Unanimously adopted, as amended, by the NBFC
October 28, 2005

The New Brunswick Faculty Council supports a large majority of the recommendations of the Report of the Task Force on Undergraduate Education. The Task Force report gives a thorough analysis of many of the strengths and weaknesses of the undergraduate educational and administrative structure, services and programs on the New Brunswick/Piscataway Campus at Rutgers, and proposes many important changes and improvements. Specifically, we support or propose the following:

1. We strongly support the creation of a single Rutgers School or College of Arts and Sciences, as proposed in the Task Force on Undergraduate Education Report. We also agree that the available majors and minors for arts & sciences students should be the same at all of the residential colleges (or campuses).

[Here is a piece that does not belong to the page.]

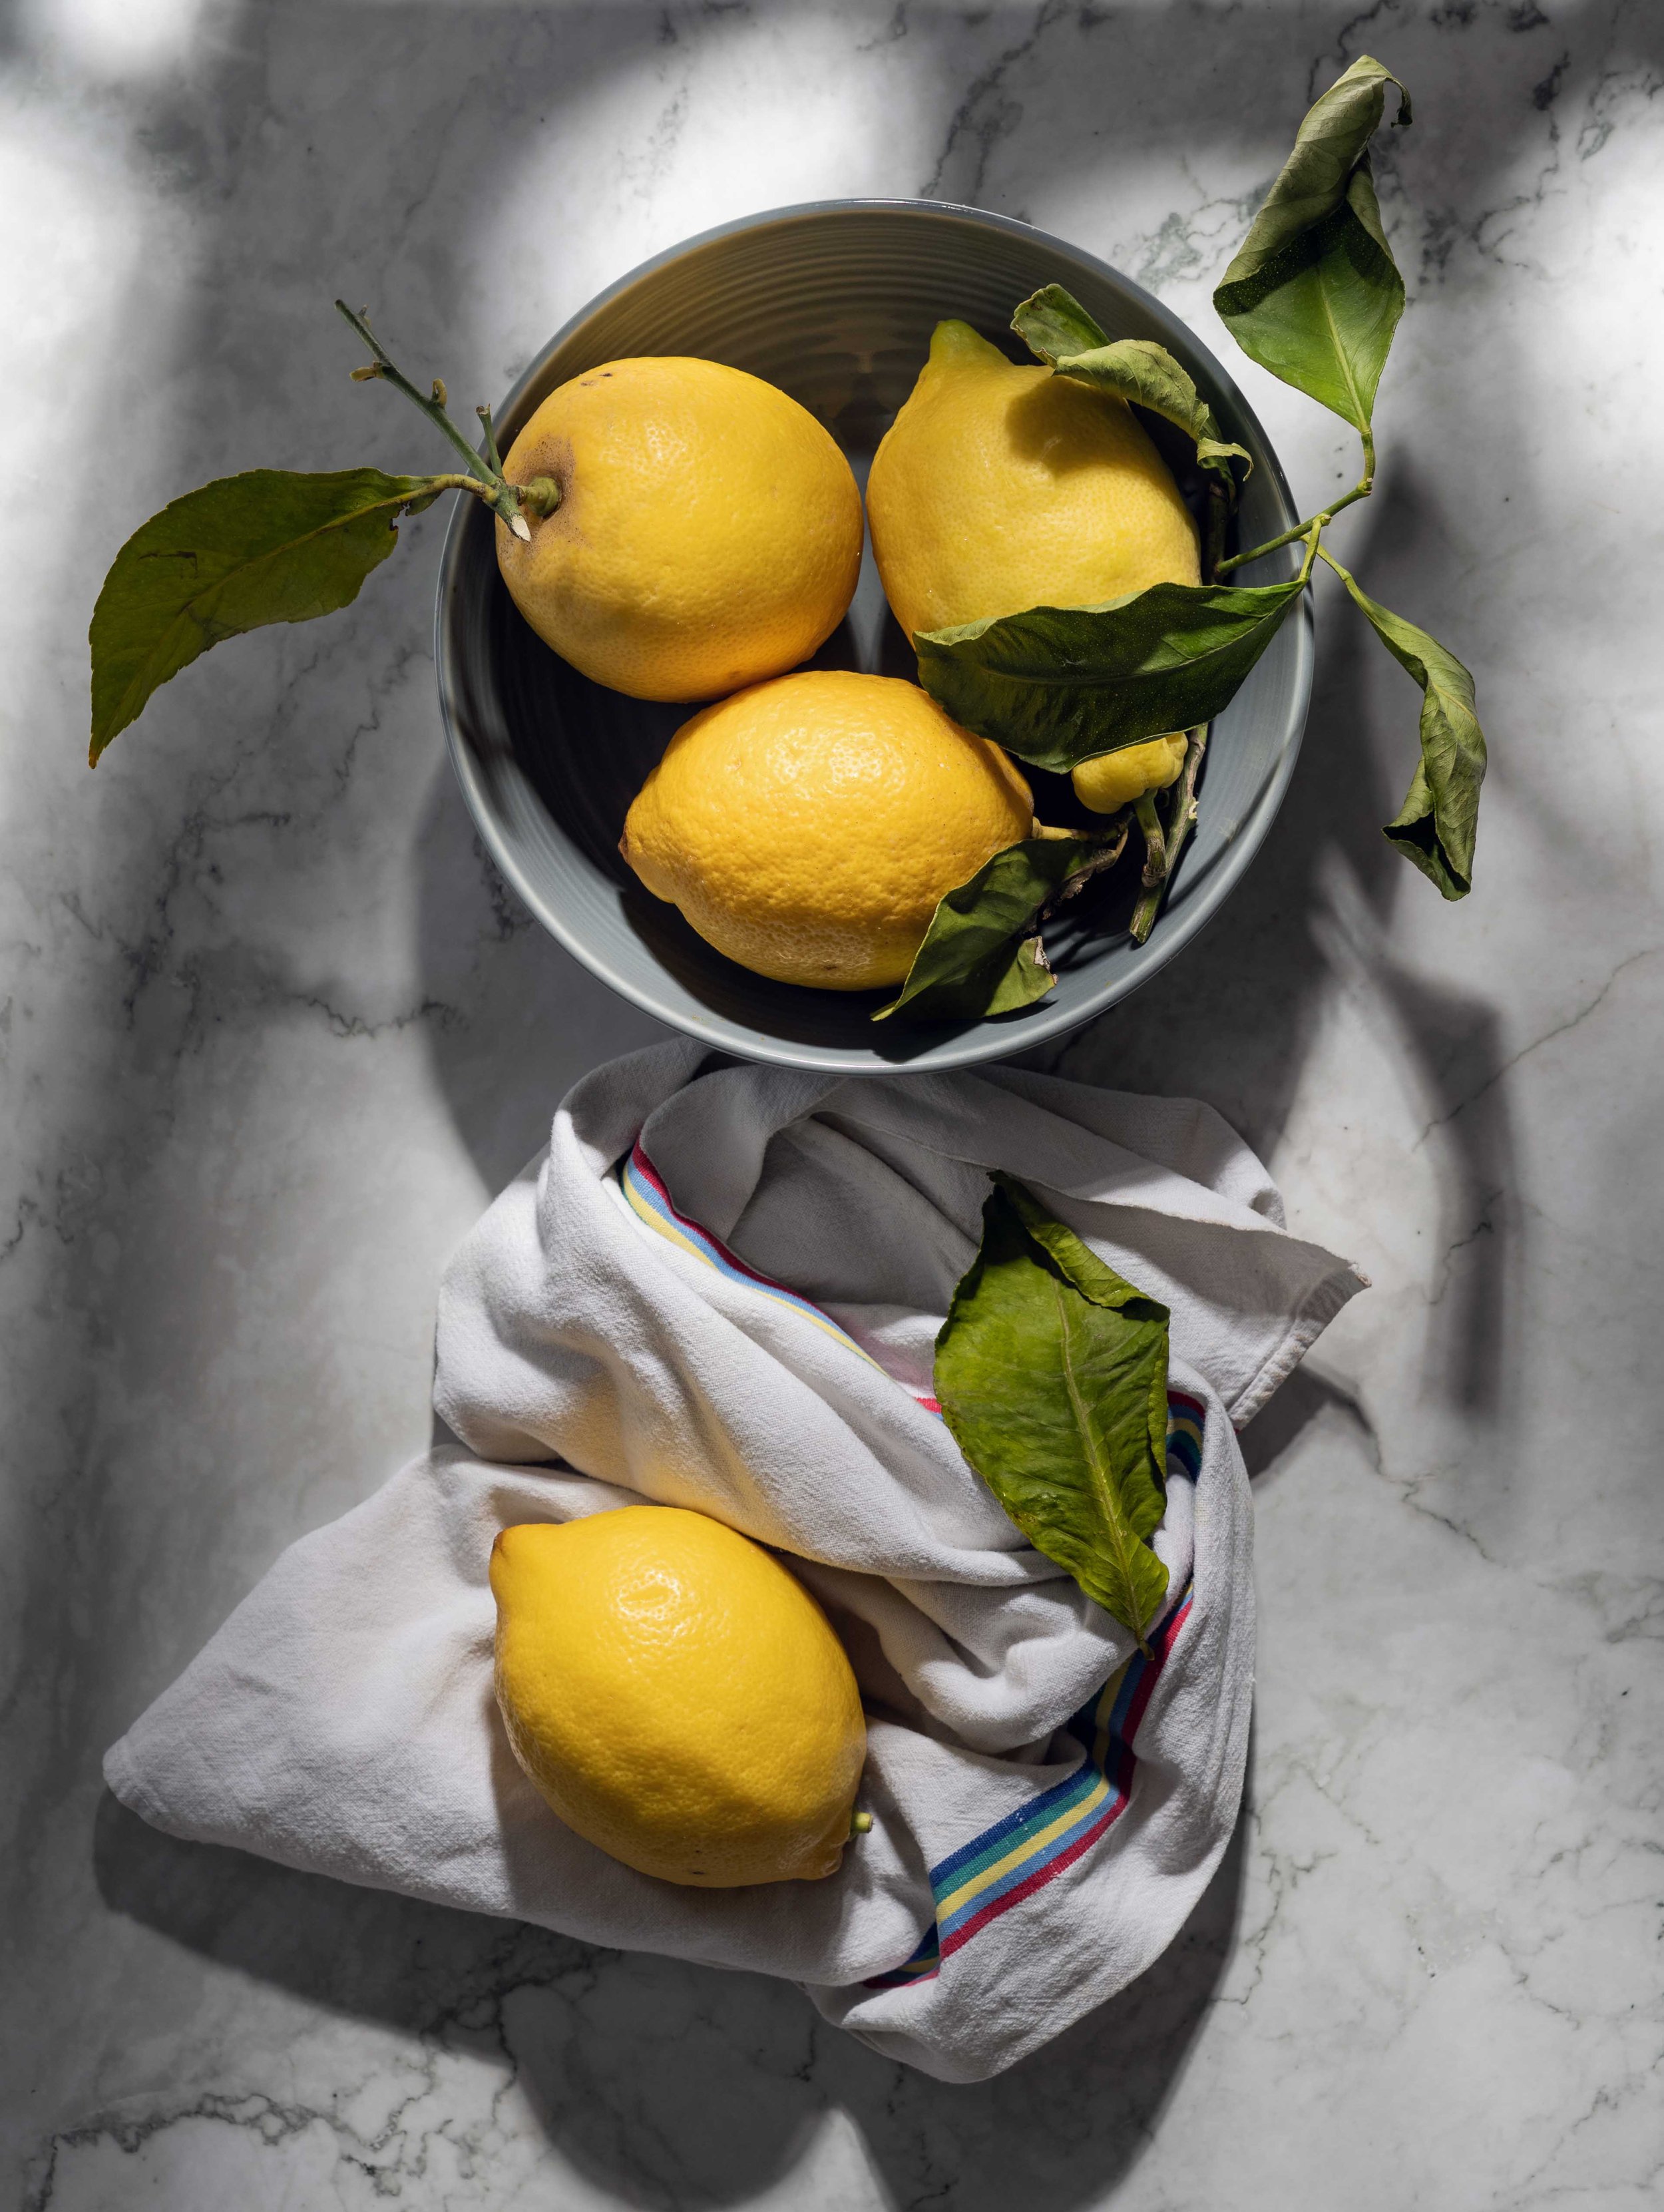 Jerome_Favre_Photography_Food_Drink_74_sicilian_lemons.jpg

The college fellows system has failed to attract all but a few dedicated volunteers, and the remaining faculty in those disciplines that offer majors through the liberal arts colleges (Douglass, Livingston, Rutgers, and University Colleges) have no responsibility and, unless they volunteer to become college fellows, no opportunity to participate in the normal faculty responsibilities of setting academic standards, admissions policies, scholastic standing requirements, and graduation requirements in those colleges. Also, the individual graduation and other academic requirements vary from college to college sufficiently so that most faculty seem to have given up trying to understand the resulting complicated system well enough to participate in advising of undergraduate students, or even to become aware of undergraduate academic issues on the campus.

2. We support common admission standards for all traditional-age arts and sciences applicants, appropriately modified for transfer, EOF, and non-traditional students.

The standards for separate admissions to Cook, Douglass, Livingston, Rutgers, and University Colleges have, over the years, gotten seriously out of balance, which the faculty view as damaging, unstable, and misrepresentative since the same faculty teach the students in all of these colleges.

3. We strongly support the proposal that there be a single, coordinated set of academic and student-life policies, guidelines, and implementations across the New Brunswick/Piscataway Campus.

The confusion and red tape in and among the various colleges due to different policies, guidelines, and requirements for such issues as the formation of student clubs and organizations, use of student centers and recreational facilities, allocation of student fees, reservation of facilities for events, job descriptions and pay scales for student-life staff, implementation of academic integrity policies, and general academic advising are destructive and a substantial part of what has become known as the "Rutgers Screw."

4. We support the formation of a single honors program for all colleges and schools on the New Brunswick/Piscataway Campus, with appropriate variation in requirements to meet the needs of the various professional schools as well as of the School or College of Arts and Sciences. We also support the recommendation that honors communities should continue to exist in the various communities to provide the local advising, mentoring, and co-curricular activities that students value so highly in our current college honors programs.

Having totally separate honors programs in the various colleges and schools has been confusing and certainly not optimized for attracting the very best students to the Campus.

5. We propose the continuation and enhancement of the role of the residential colleges (or campuses) [Busch, Cook, Douglass, Livingston, Queens, and University], their deans, and decanal staffs in providing local programs and services such as local delivery of pre-major academic advising, co-curricular activities, academic learning communities, student-life programming, and inter-college (or inter-campus) intramural sports, under the direction and coordination of the Executive Dean of Arts and Sciences, the Vice President for Undergraduate Education, and the Vice President for Student Affairs.

The undergraduate colleges on the New Brunswick/ Piscataway Campus do offer and have historically offered many advantages for undergraduate students in this large, comprehensive, and complex research university. Once here, undergraduate students, at least in the smaller residential colleges, generally seem to identify with and find a home at their respective colleges. The colleges provide many opportunities for small coherent groups, leadership positions, and personalized attention from staff members that enhance the quality of the educational experience. A critical issue is the provision of appropriate budgets for carrying out these programs, a portion of which now come from such areas as gifts and donations and revenues generated in the student centers.

6. We propose a substantial increase in the numbers of full-time tenure-track faculty and of TAs, a corresponding decrease in the number of large lecture classes, and the provision of meaningful incentives for faculty to become more involved with undergraduate teaching, advising, curricular development, both within and outside their disciplines, research projects, and co-curricular activities outside the classroom.

While the Task Force Report recognized many barriers to faculty participation in undergraduate education, it failed to recognize sufficiently the need for more full-time faculty and TAs, the over-dependence on coads and contingent faculty, the need for smaller classes, and the need for incentives to get faculty more involved in undergraduate education.